The full tool list matches the CLI reference — every command has an MCP equivalent.

The compose tool is the bridge between brainjar and multi-agent workflows. It assembles a full prompt (soul + persona + rules + task) and returns it as a structured response:

result = mcp__brainjar__compose(brain="reviewer", task="Review the auth changes in src/auth/")

The returned prompt is ready to pass to the Agent tool:

Agent(prompt=result.prompt, description="Review auth changes")

For parallel work, add worktree isolation so agents don’t conflict on files:

Agent(prompt=result.prompt, description="Implement auth module", isolation="worktree")

This is how coordinator personas (like a CTO or tech lead) orchestrate specialist teams — composing the right brain for each subtask and dispatching agents with full context. See Orchestration Patterns for detailed workflows.

brainjar offers three ways for agents to interact:

MethodBest for
MCP serverPrimary path.

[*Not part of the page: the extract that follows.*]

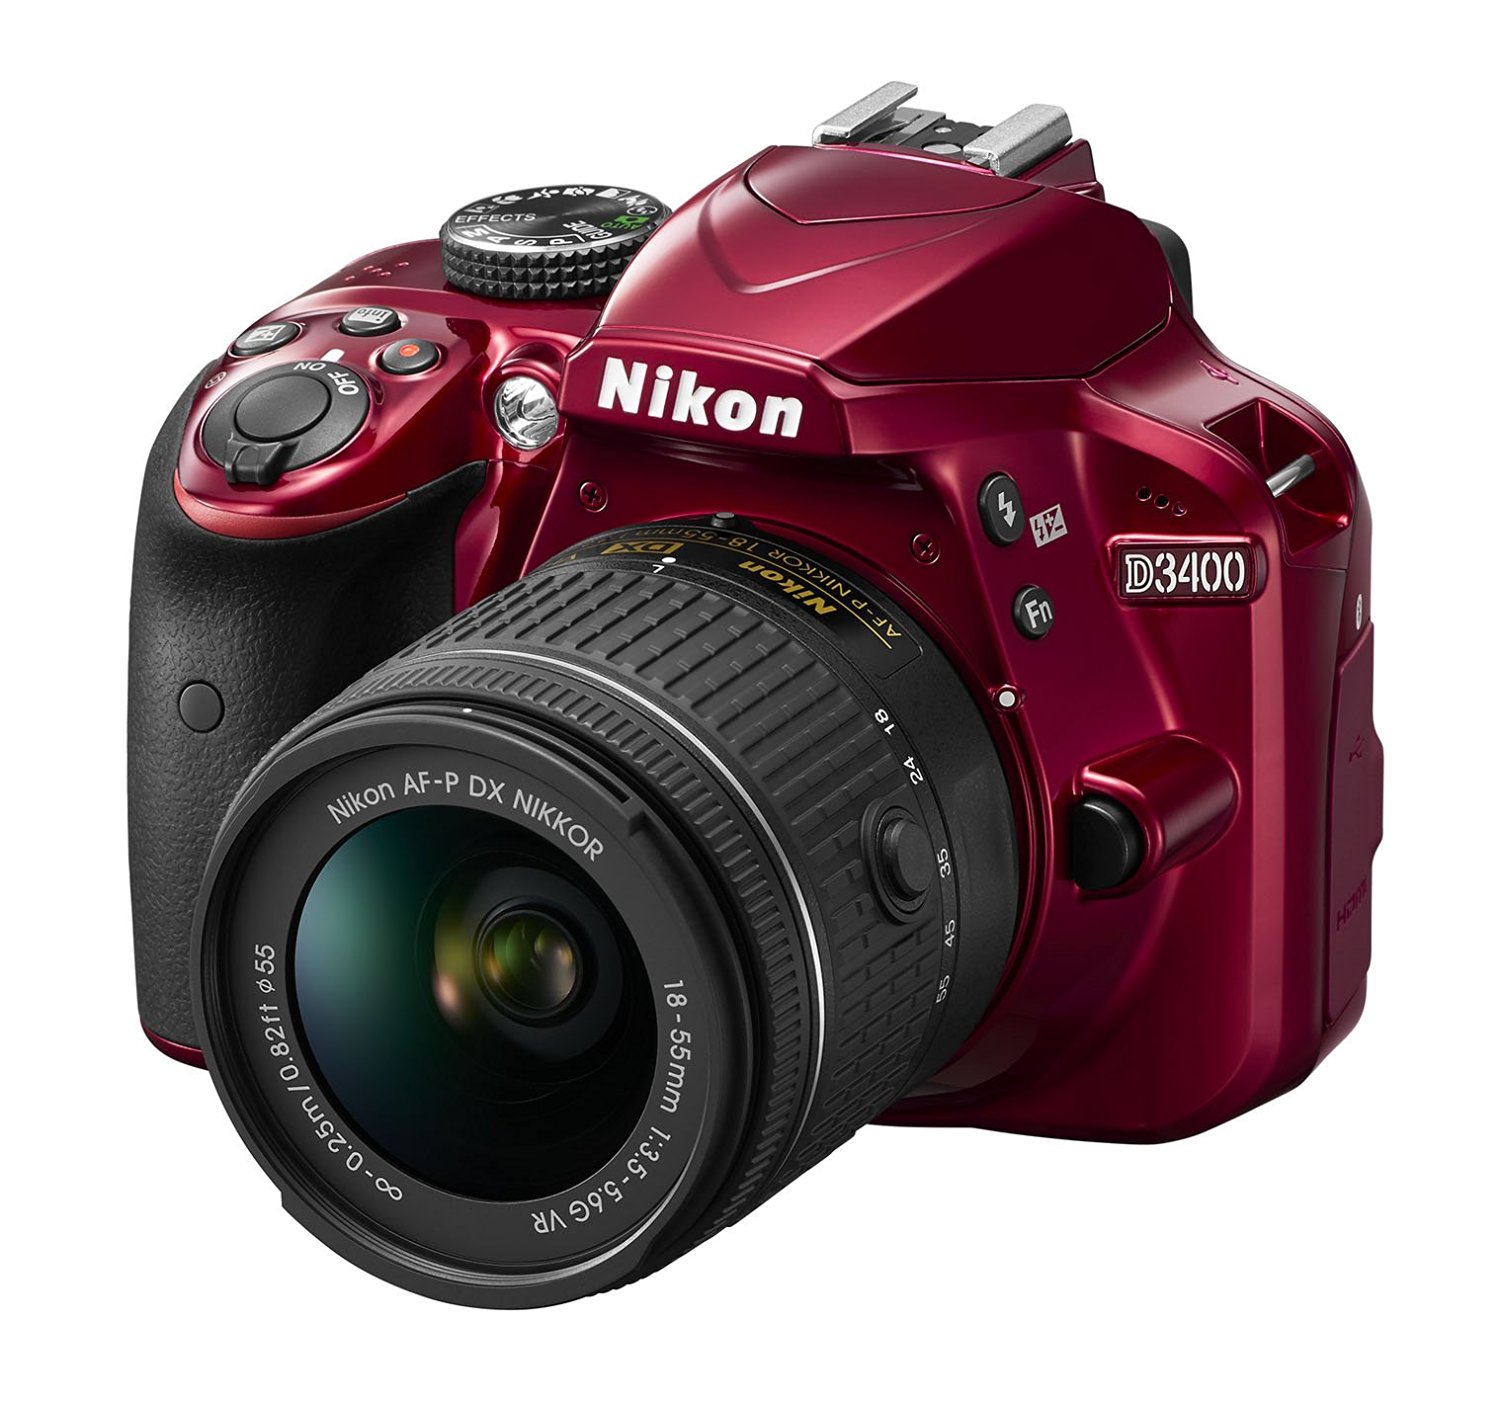 New $150 Instant Rebate on Nikon D3400 w/ 18-55mm Lens Bundle
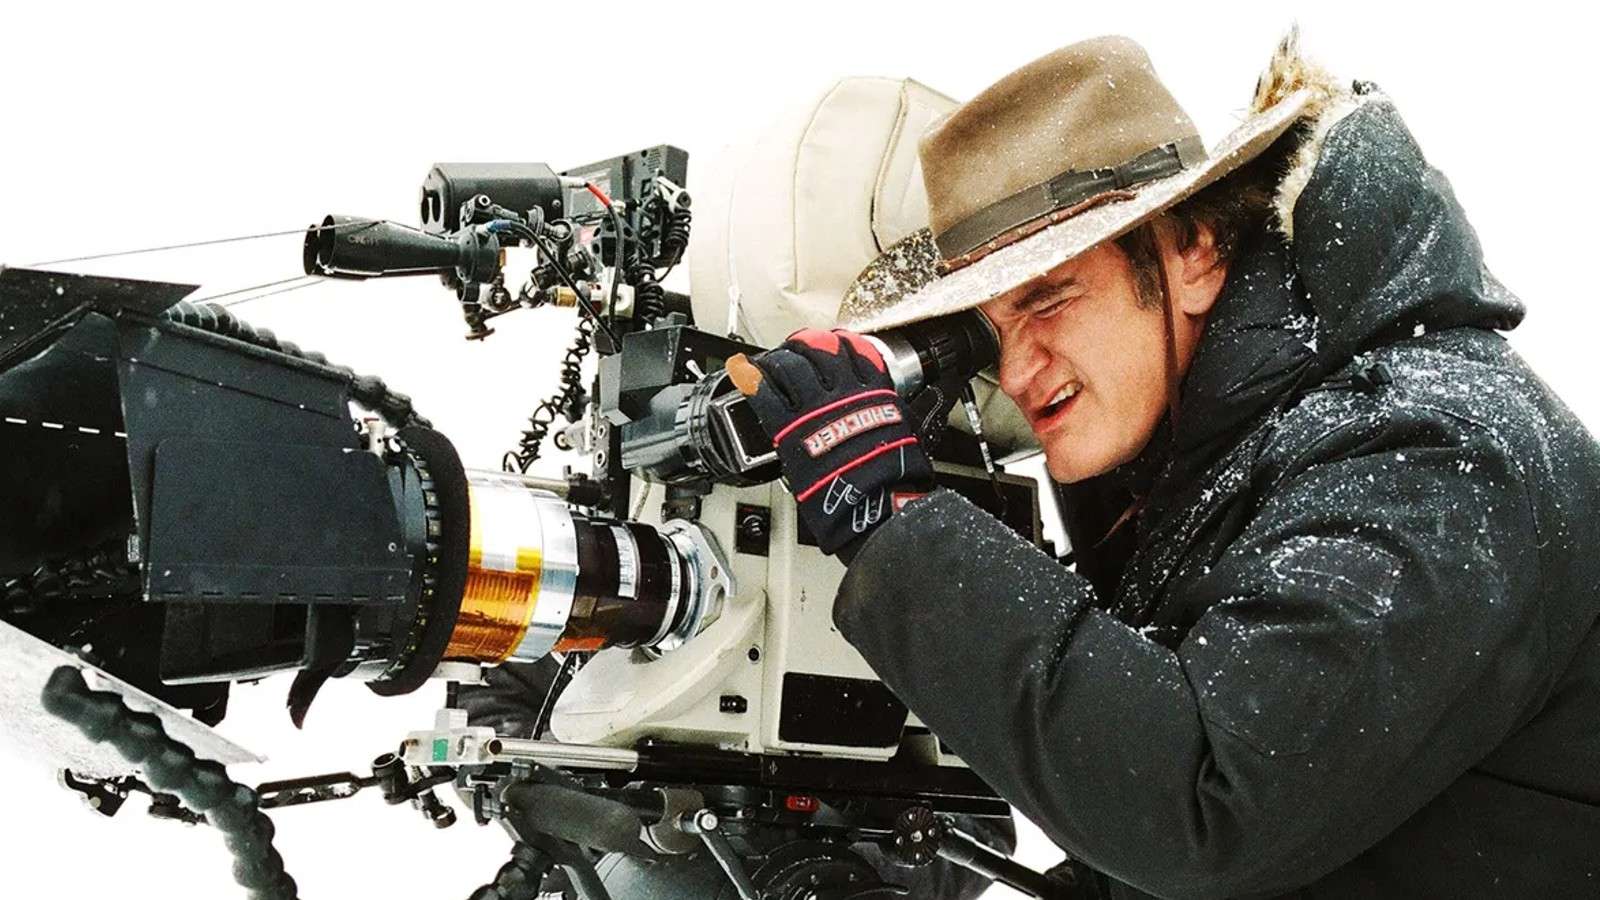 Quentin Tarantino directing The Hateful Eight.

Native tool calls, structured responses, orchestration via compose.
CLIScripting, CI pipelines, manual use in terminal. Agents can shell out but it’s less ergonomic.
Skill filesSlash-command shortcuts (e.g., /brainjar status). Complements MCP — doesn’t replace it.

Use MCP as the default. Fall back to CLI for automation outside agent sessions. Add skill files if you want slash-command convenience on top.